“Kenyon tends to be a very Eurocentric place academically, and bringing intellectuals who are seriously studying parts of the world other than Europe is something that I think can push Kenyon students to think about the world in new ways,” Muhammed Hansrod ’17, a religious studies and Asian studies major, said. In order to make Eastern culture more accessible to a Western audience, topnotch Persian poetry translator Richard Davis was brought to Kenyon. The Middle Eastern Students Association (MESA) and the South Asian Society cosponsored the event. Davis presented the work of notable medieval female Persian poets in Peirce Lounge on the evening of Monday, Feb. 10.
Davis, professor emeritus of Near Eastern languages at The Ohio State University, has had a lifelong love affair with poetry. “All my life I’ve been interested in poetry — I can’t remember a time when I wasn’t,” Davis said. “Obviously, you start with nursery rhymes and work your way up.” Over the last 40 years, he has made a name for himself as the leading Persian poetry translator in the U.S. Although Davis has retired from being a professor, he is still active in the world of translation.

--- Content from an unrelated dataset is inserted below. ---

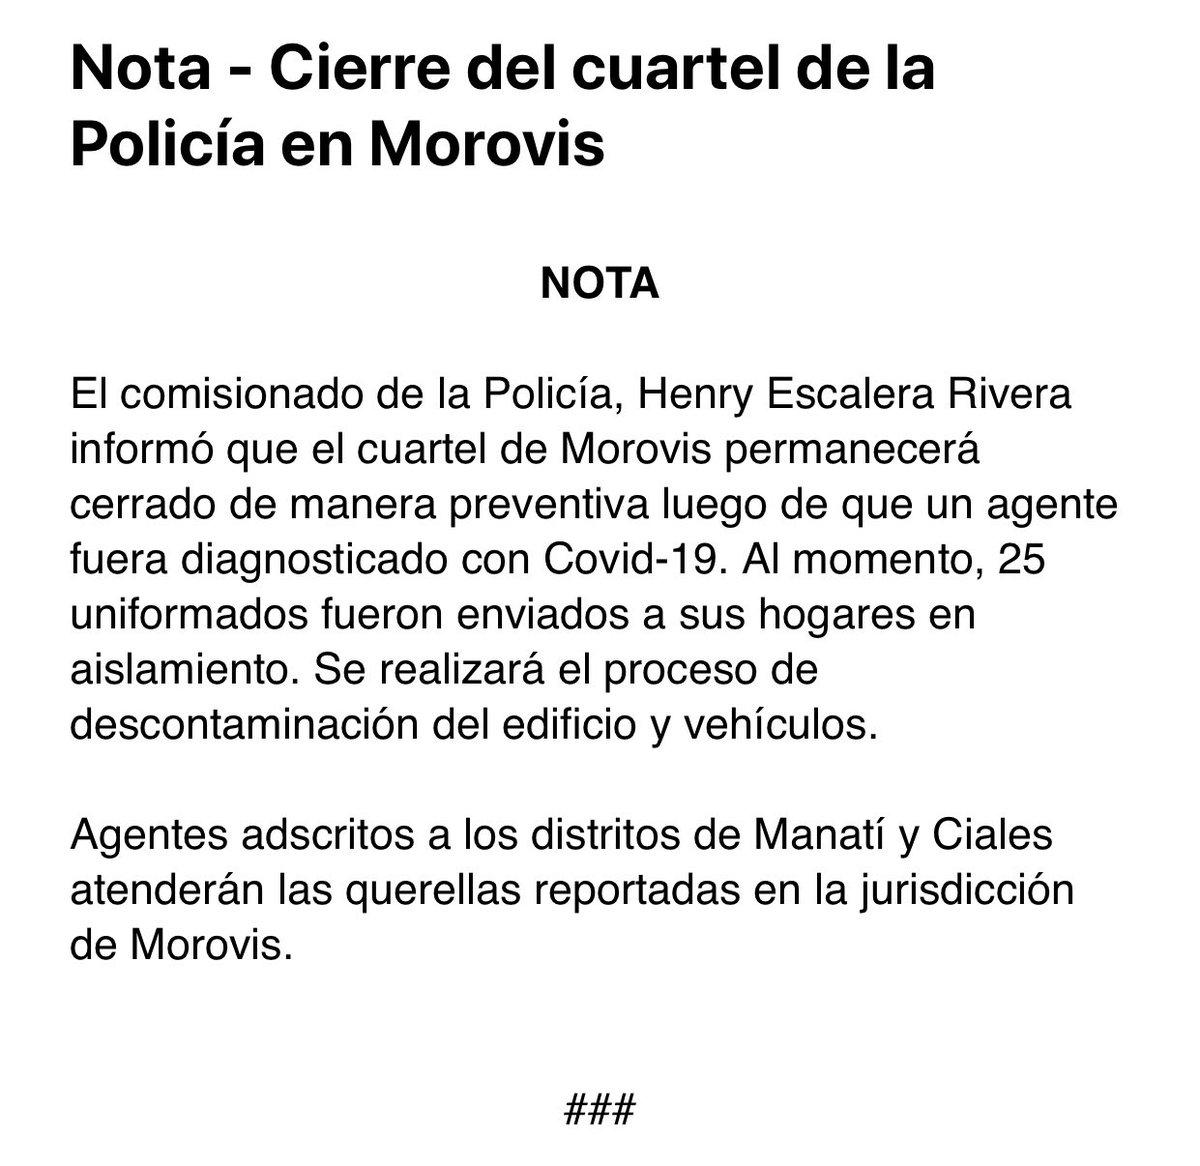 BREAKING: El comisionado de la Policía, Henry Escalera, informa que el cuartel de Morovis permanecerá cerrado de manera preventiva, luego de que un agente fuera diagnosticado con #coronavirus #COVID19. 25 uniformados fueron enviados a sus hogares en aislamiento. #PuertoRico

His current project is a comprehensive anthology of female Persian poets from the Middle Ages to the present. His keen interest in female Persian poets arises partly from their absence in most literary discussions. “Their voices have been silenced … obliterated by time and by indifference,” Davis said during his lecture.
Throughout the evening, Davis resurrected the voices of two distinct female Persian poets: Mahsati, a 12th-century poet, and Jahan Khatun, a 14th-century poet. Davis read poems by both women while emphasizing the motifs common throughout most Persian poetry: loss and longing. Wendy Singer, professor of history and advisor for the South Asian Society, also played a key role in bringing Davis to Kenyon. “When I talk about Kenyon to prospectives [speakers], I say we are a place that [can pack] a poetry reading on a Sunday night,” Singer said. The large crowd gathered in Peirce Lounge on Monday night for Davis proved Singer’s comment to be true.
When one of Singer’s history majors, Shariq Khan ’15, came to her for advice about a Persian translation project for his senior comps, she put him in contact with Davis. Khan’s time abroad last year at the School for Oriental and African Studies in London sparked his interest in this project. Singer contacted Davis, hoping he would be able to recommend a mentor for Khan, but she did not expect Davis to volunteer his own services. A globalization grant from the Office of the Provost funded the collaboration between the two that allowed Khan to travel to and from Columbus once a week to meet with Davis.
The opportunity to work with Davis has been a rewarding experience for Khan, who has a great interest in Persian translations. “The project was originally to translate a 13th century poem in Persian by a poet named Amir Kushrow who lived in India,” Khan said. “I’ve been working on this with him for about six months now, it’s a long poem, about 4,000 verses … We are only translating a part of it.” During the weekly sessions, Khan and Davis discuss both the literal translation from Persian to English and the final translation of the poetic style. “I feel this was a sort of a masterapprentice relationship where he tried to give me his own craft which I could not learn from a book,” Khan said. Honoring the work Davis and Khan did together, Khan introduced the translator at the event.
Other translators, such as 17th-century translator and poet John Dryden, and Davis’s own work as a poet, have heavily influenced Davis’s perspective on the craft of translation. “Dryden said that only a poet can translate poetry, and I’m not sure that’s true,” Davis said. “But if you write your own poetry … translating the work of another poet [is like] you’re speaking to a mind that in some way works like yours … If you’re going to translate poetry, there must be a meeting of minds.” That meeting of minds is not always an exact art. According to Davis, “All translations are failures, but you get better at it.”